Most people think of investing as in stocks and bonds. However, investing in the housing market, art, wine, etc are all alternative assets and could be great investments. Below are 5 reasons to consider alternatives investments.

1. Savers are being punished in this low rate environment; make your money work for you!

These days, with bonds yielding almost nothing and stocks looking fully valued or close to fully valued, investors need more choices… and they’re out there.

2. Ability to get a steady stream of income with relatively low risk.

There are numerous tools such as MLPs (master limited partnerships) which are used to invest in energy infrastructure, you can “loan” money and get a substantially higher income than investment grade bonds. Almost every point along the timeline needs investment capital. As one successful investor reminds me: MLPs are exposed to interest rate risk like every other yielding product, so when The Fed raises rates, some investors may want a rate hedge, treasuries, swap payers, etc.

3. Diversification!

After the credit crisis of 2008, most investors were reminded that it is good to have a variety of assets, in numerous industries in lots of different countries, so all eggs are not in 1 basket. Translation: if one part of the market gets wiped out, you will still hold on to the value of parts of your portfolio.

4. More Access to Professional Strategies.

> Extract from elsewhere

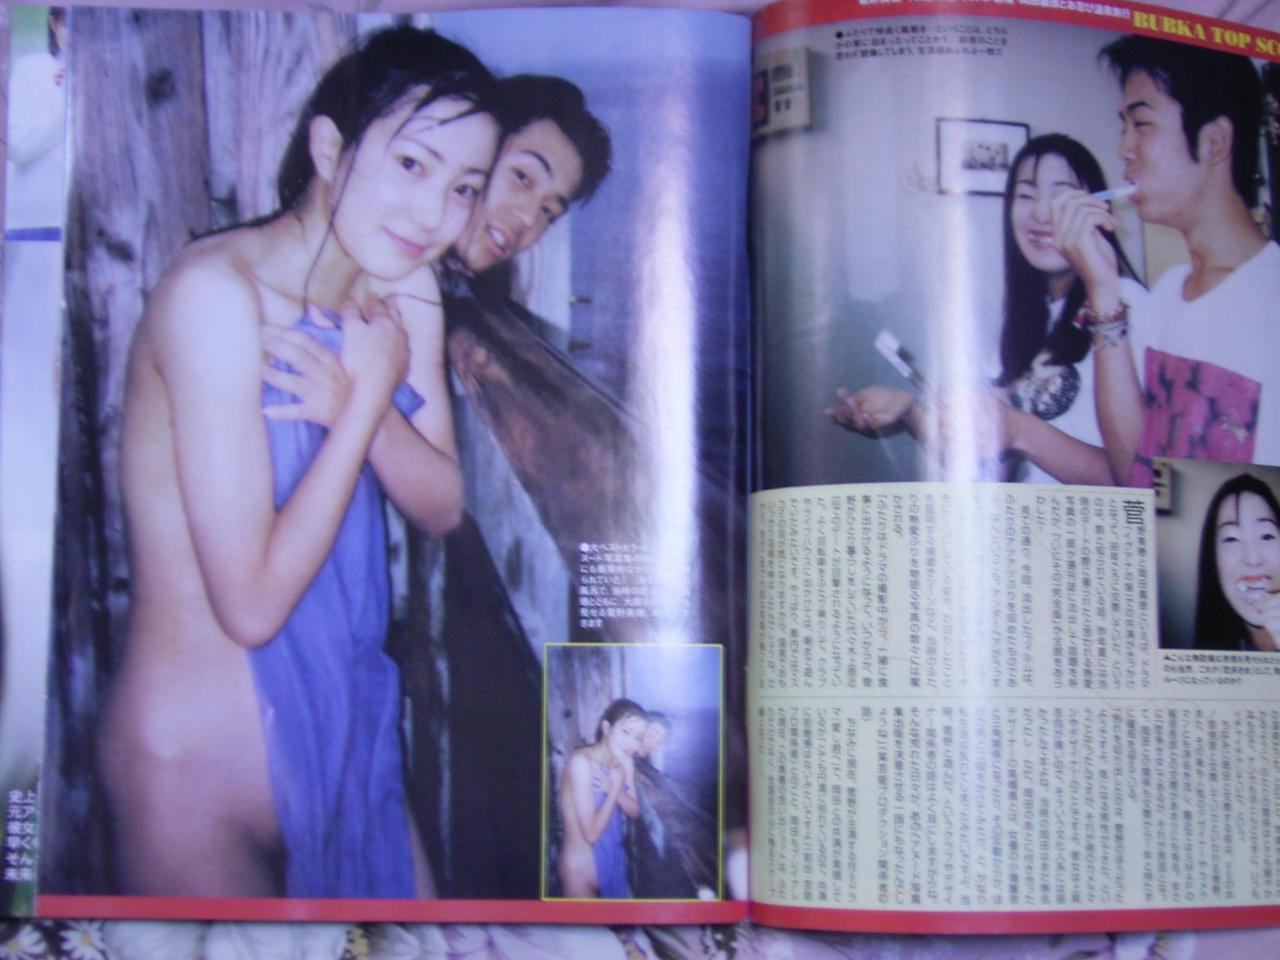 菅野美穂モロにマンスジやハミマンエロGIF画像

Big institutional investors have used “Alternatives” for decades and the products are finally available to mainstream, smaller investors. Hedge fund strategies run by pros are now “wrapped” in mutual funds are widely available. Any brokerage that sells mutual funds has these hedge fund-like strategies available. They are often referred to as “40 Acts” (an SEC classification). Average investors get access to top managers, in the strategies they want for their portfolio, without needing to put millions of dollars away for years. The investor can also retrieve the money on any given day, if need be, just as in any other mutual fund.

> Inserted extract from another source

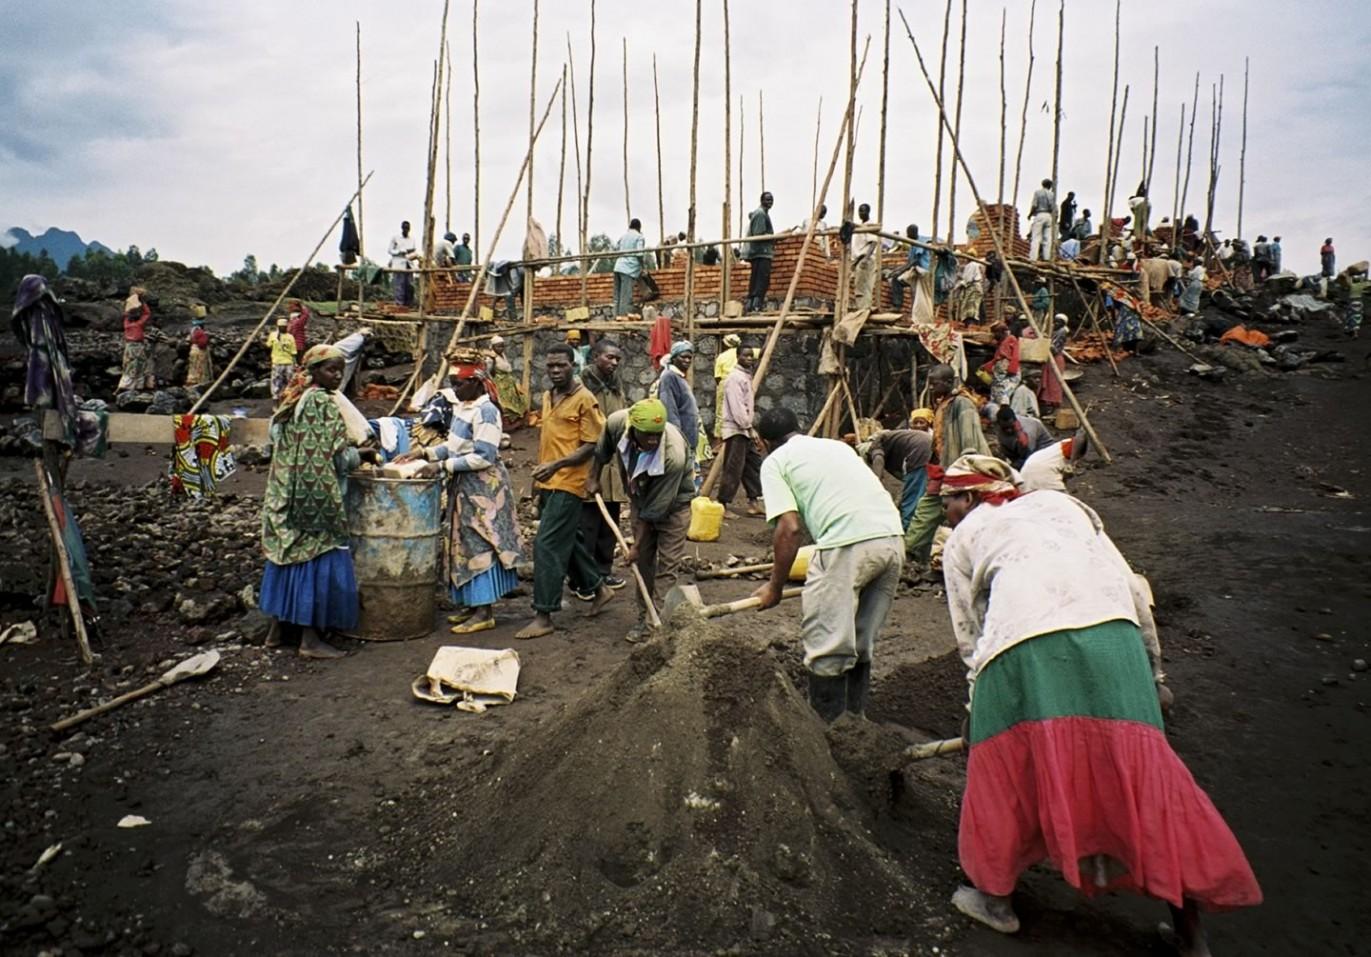 rwanda_construction1440x1005

5. Take advantage of an area of your personal expertise.

Most collectible asset classes — memorabilia, jewelry, cars — can be looked at as hobbies with an upside. Fine Art Collecting stands out even more. If you look at Sotheby’s and Christie’s, you will see three record sales years in a row. Art collecting has been recognized as a store of value for centuries in almost every civilization. There are even several high quality funds that specialize in the space (and one that lends out art to its investors at the same time). If you are interested but lack true expertise, invest with someone who is an experienced, trusted fiduciary.